BEGIN Data
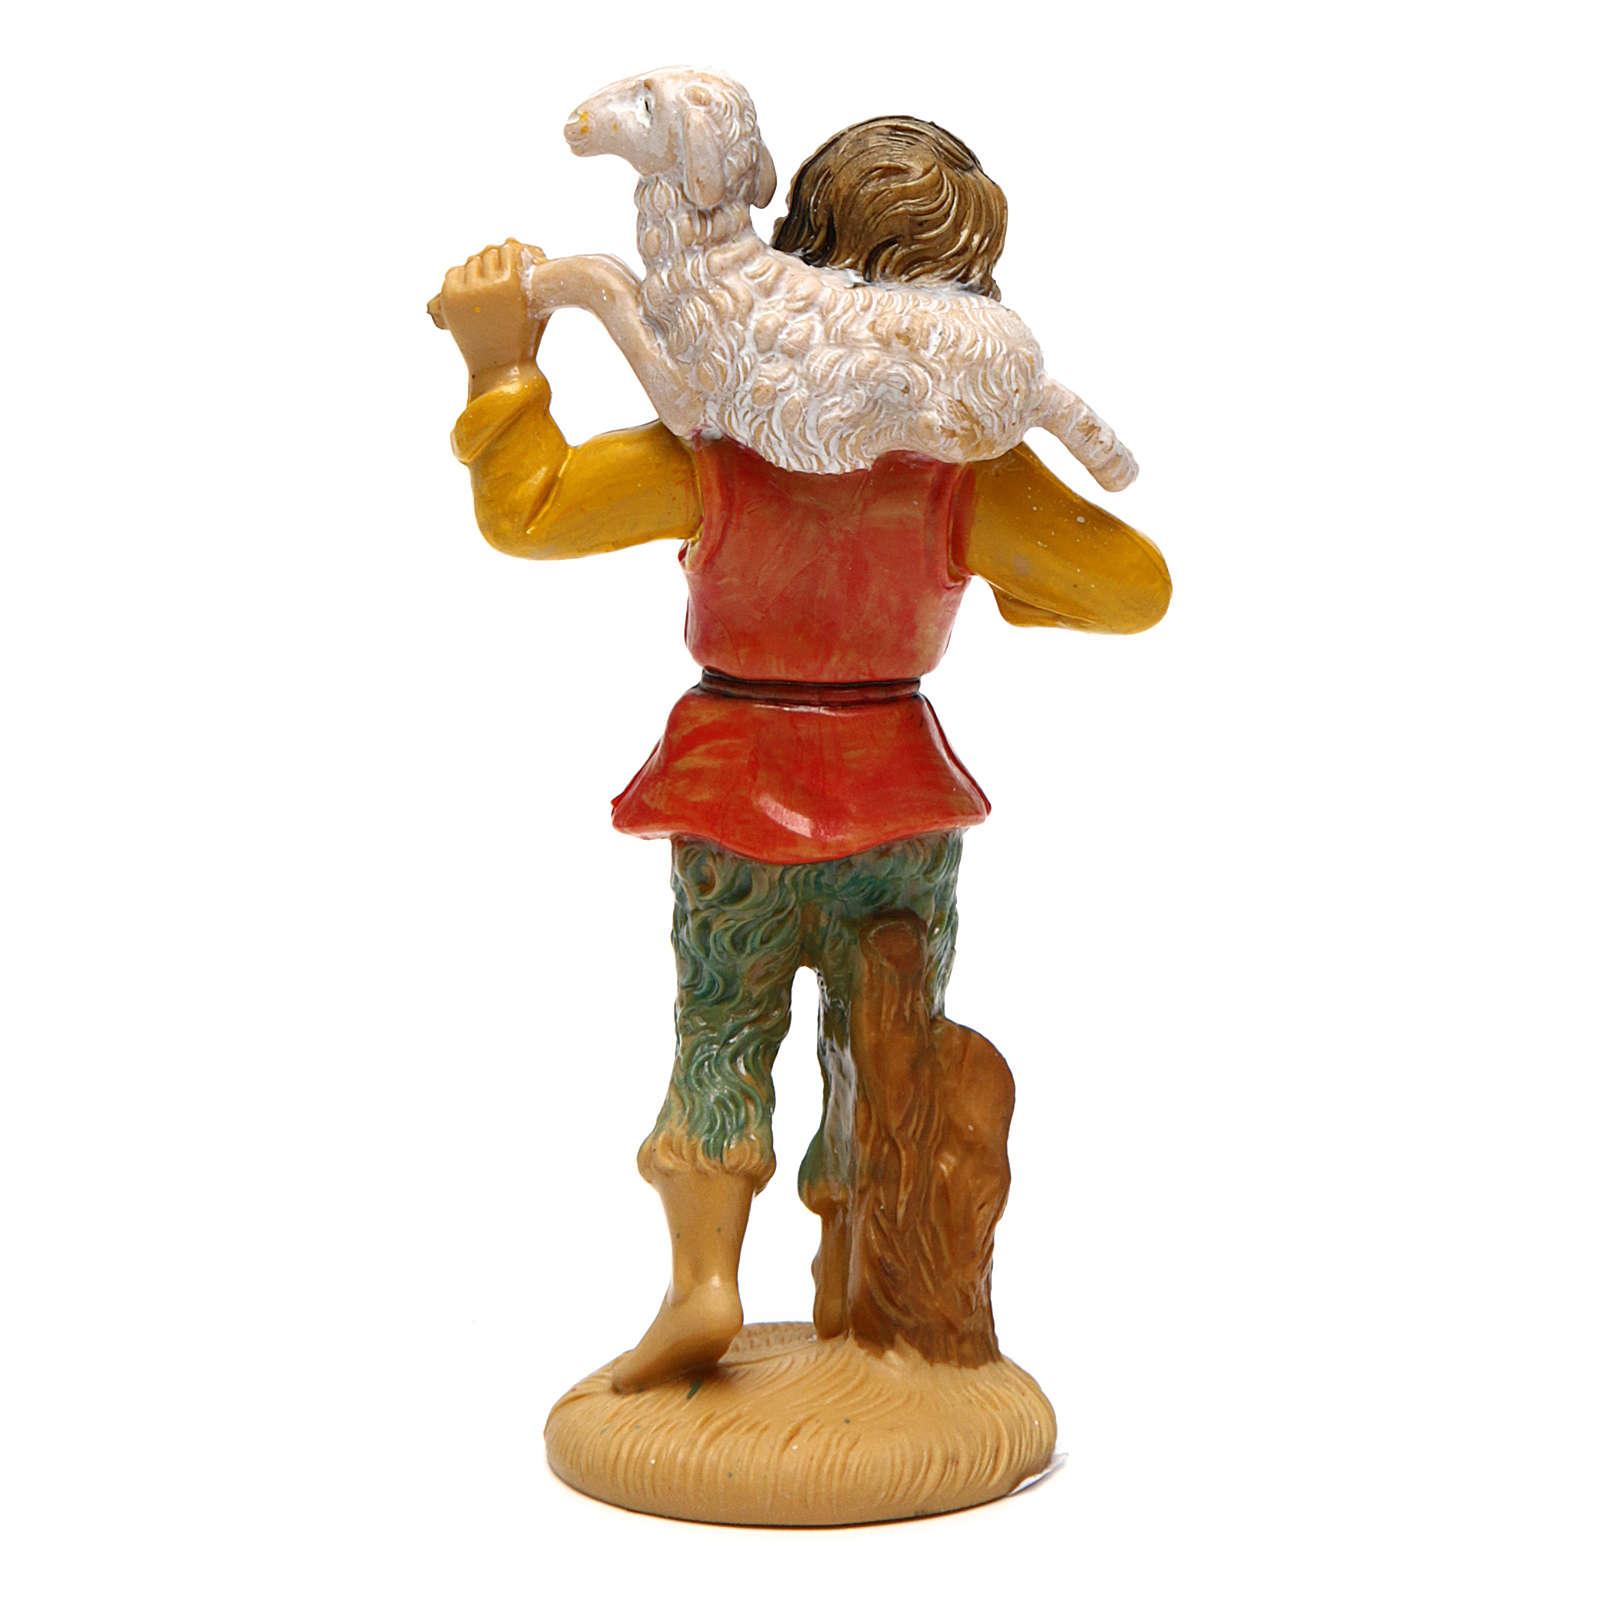 Hombre con oveja para belén de 10 cm de altura media belén 3
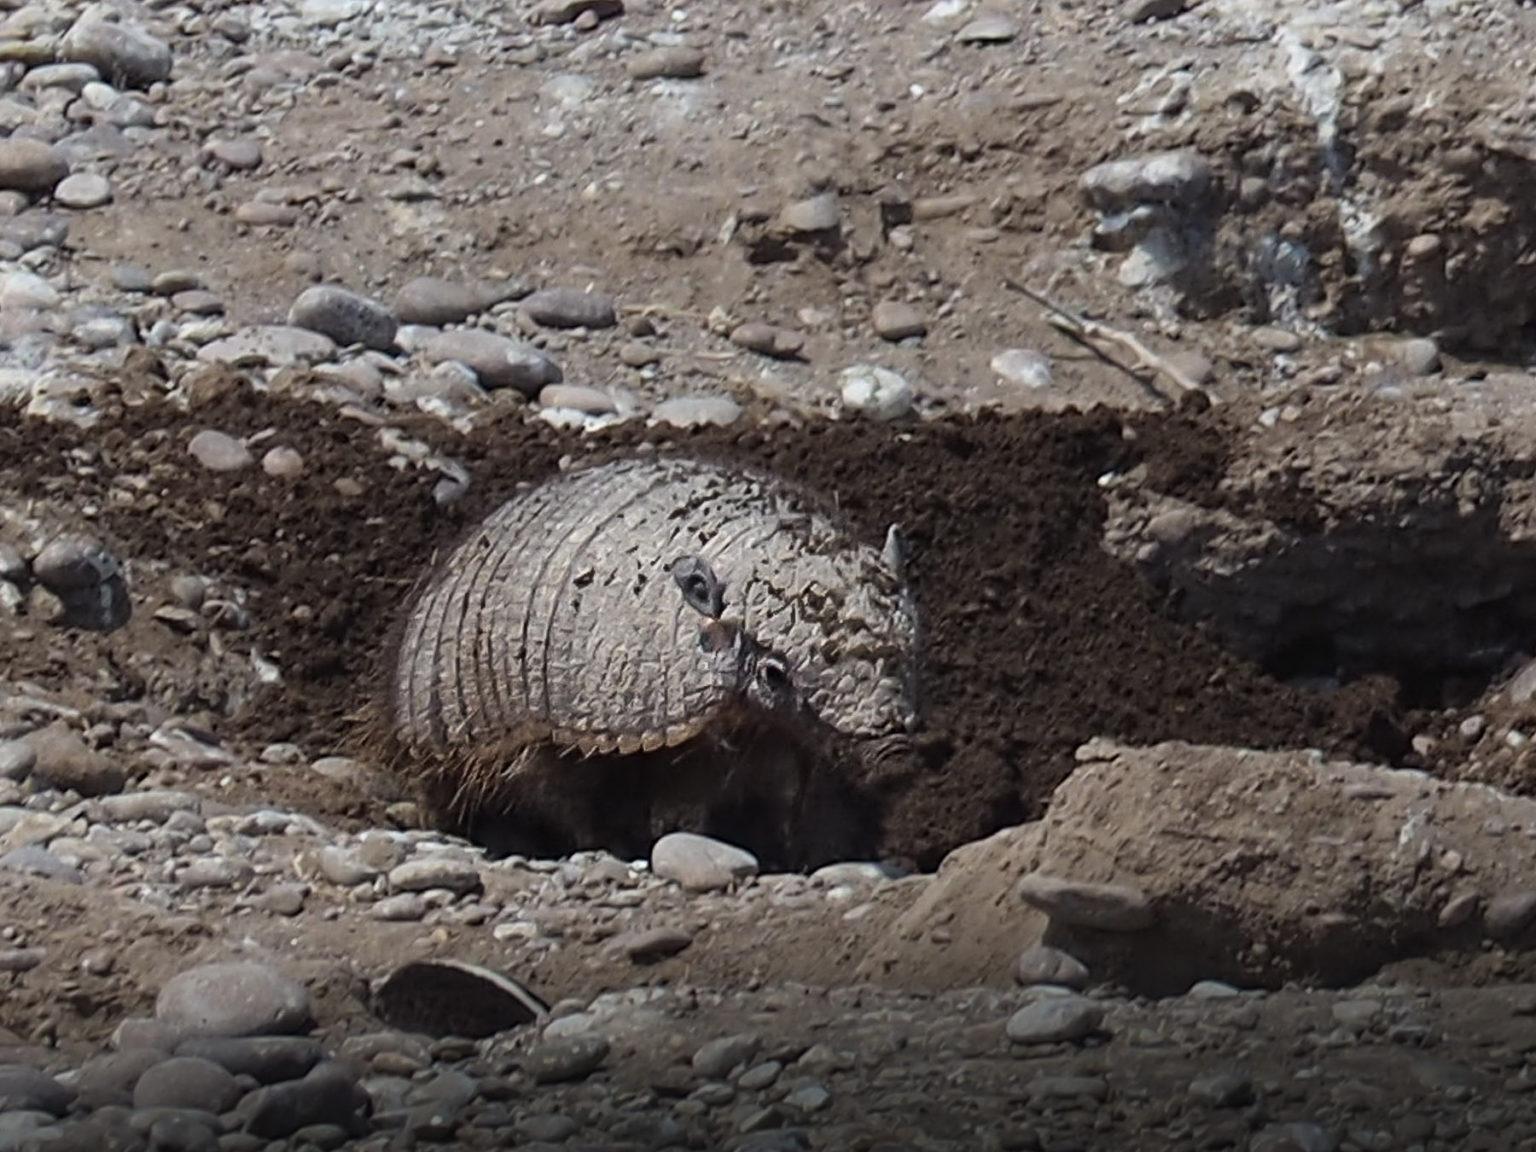 Hier hat sich ein Gürteltier in einer verlassenen Pinguinhöhle eingenistet
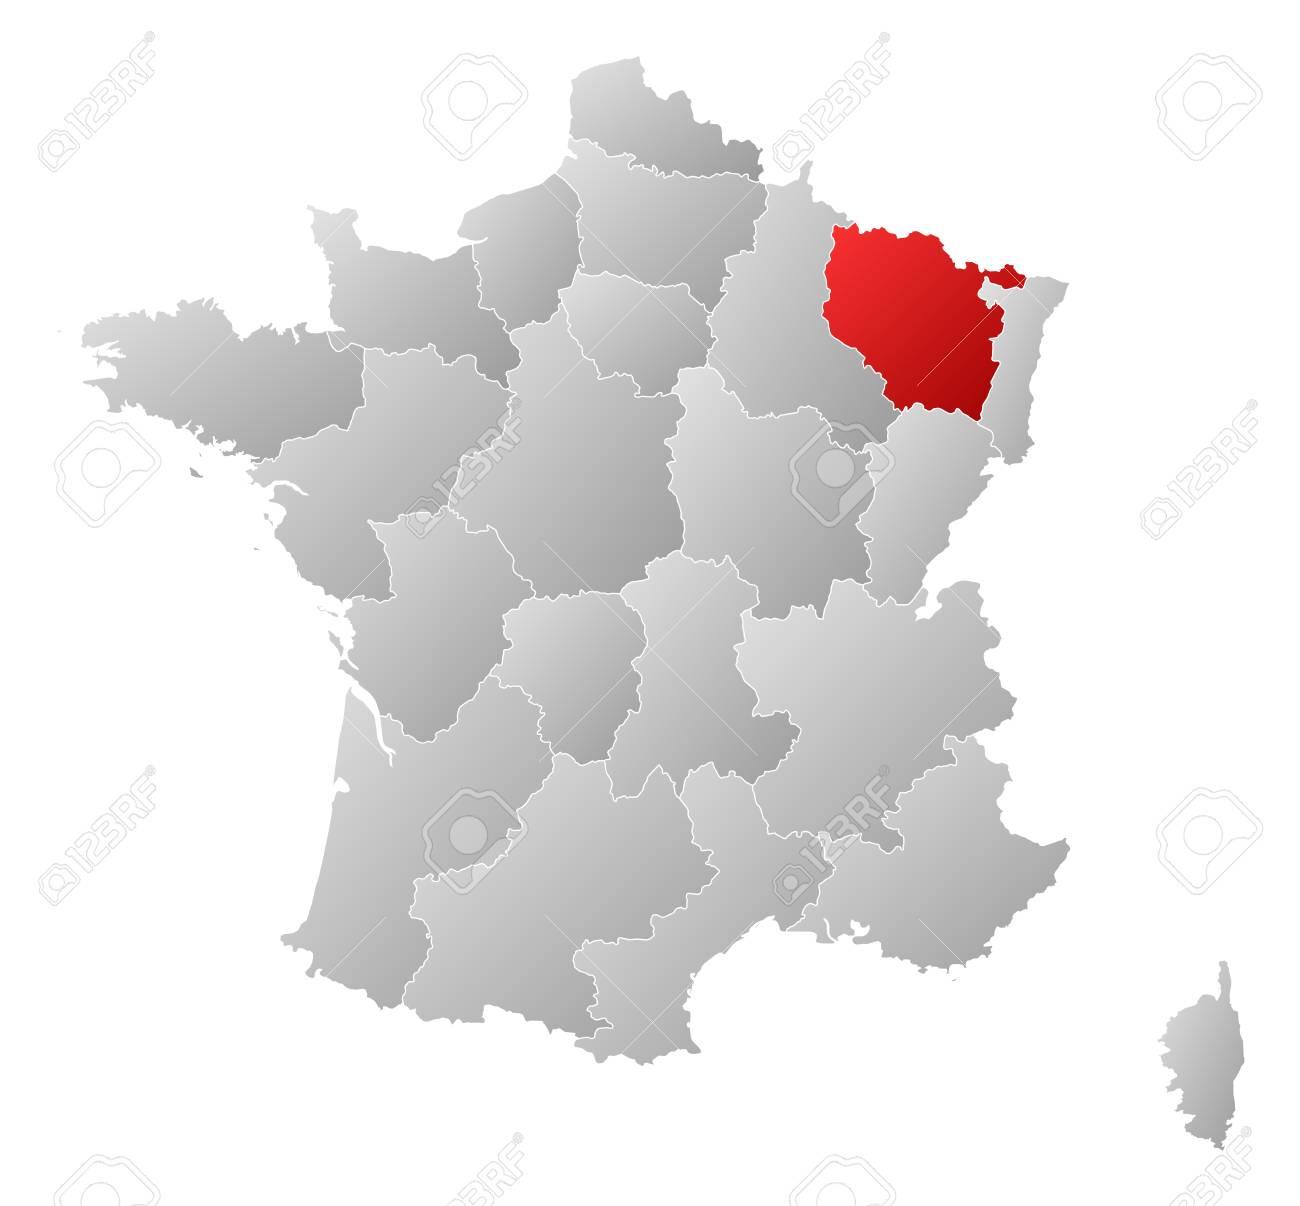 La Carte Politique De La France Avec Les Régions Où Plusieurs Lorraine Est  Mis En Évidence. encequiconcerne Carte De France Avec Les Régions
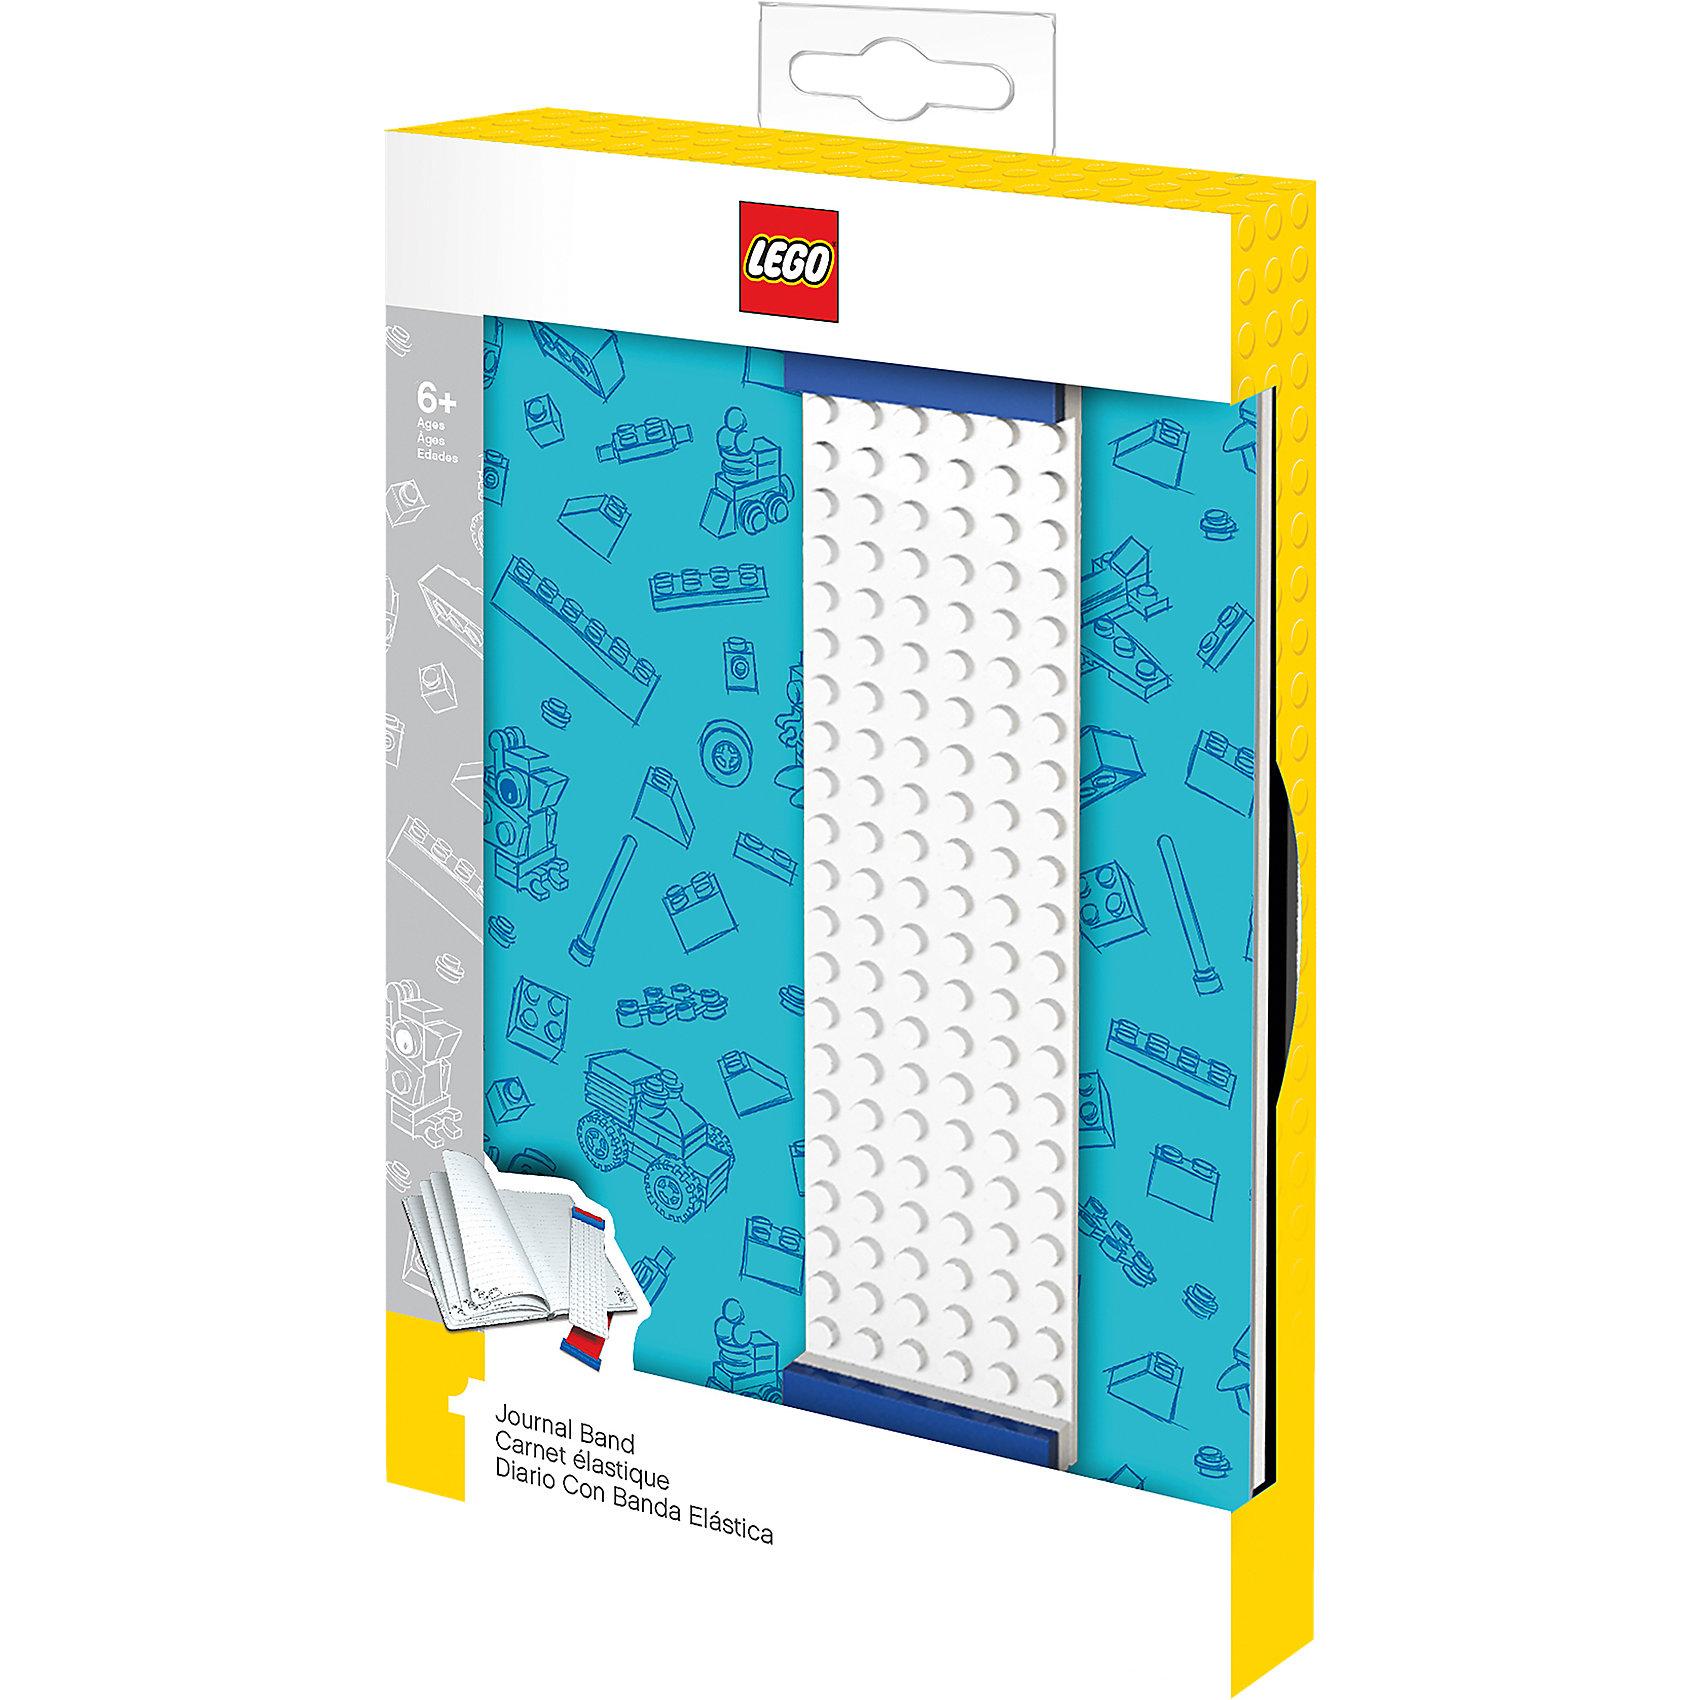 Записная книжка, 96 листов, линейка, с закладкой, цвет: голубой, LEGOБумажная продукция<br>Оригинальную книгу для записей можно использовать в качестве ежедневника, блокнота для рисования, написания сочинений или важных событий. Закладка поможет не только найти необходимую запись, а также хранить ручку, маркер или карандаш вместе, ведь все канцелярские принадлежности скрепляются друг  с другом по принципу конструкторов LEGO.<br><br>Ширина мм: 223<br>Глубина мм: 154<br>Высота мм: 35<br>Вес г: 399<br>Возраст от месяцев: 72<br>Возраст до месяцев: 144<br>Пол: Унисекс<br>Возраст: Детский<br>SKU: 5529375
END Data
▶ [Exercise description] Your answer must contain the full data, repeated exactly, without pictures.

▶ [Written reply]
 Hombre con oveja para belén de 10 cm de altura media belén 3
 Hier hat sich ein Gürteltier in einer verlassenen Pinguinhöhle eingenistet
 La Carte Politique De La France Avec Les Régions Où Plusieurs Lorraine Est  Mis En Évidence. encequiconcerne Carte De France Avec Les Régions
 Записная книжка, 96 листов, линейка, с закладкой, цвет: голубой, LEGOБумажная продукция<br>Оригинальную книгу для записей можно использовать в качестве ежедневника, блокнота для рисования, написания сочинений или важных событий. Закладка поможет не только найти необходимую запись, а также хранить ручку, маркер или карандаш вместе, ведь все канцелярские принадлежности скрепляются друг  с другом по принципу конструкторов LEGO.<br><br>Ширина мм: 223<br>Глубина мм: 154<br>Высота мм: 35<br>Вес г: 399<br>Возраст от месяцев: 72<br>Возраст до месяцев: 144<br>Пол: Унисекс<br>Возраст: Детский<br>SKU: 5529375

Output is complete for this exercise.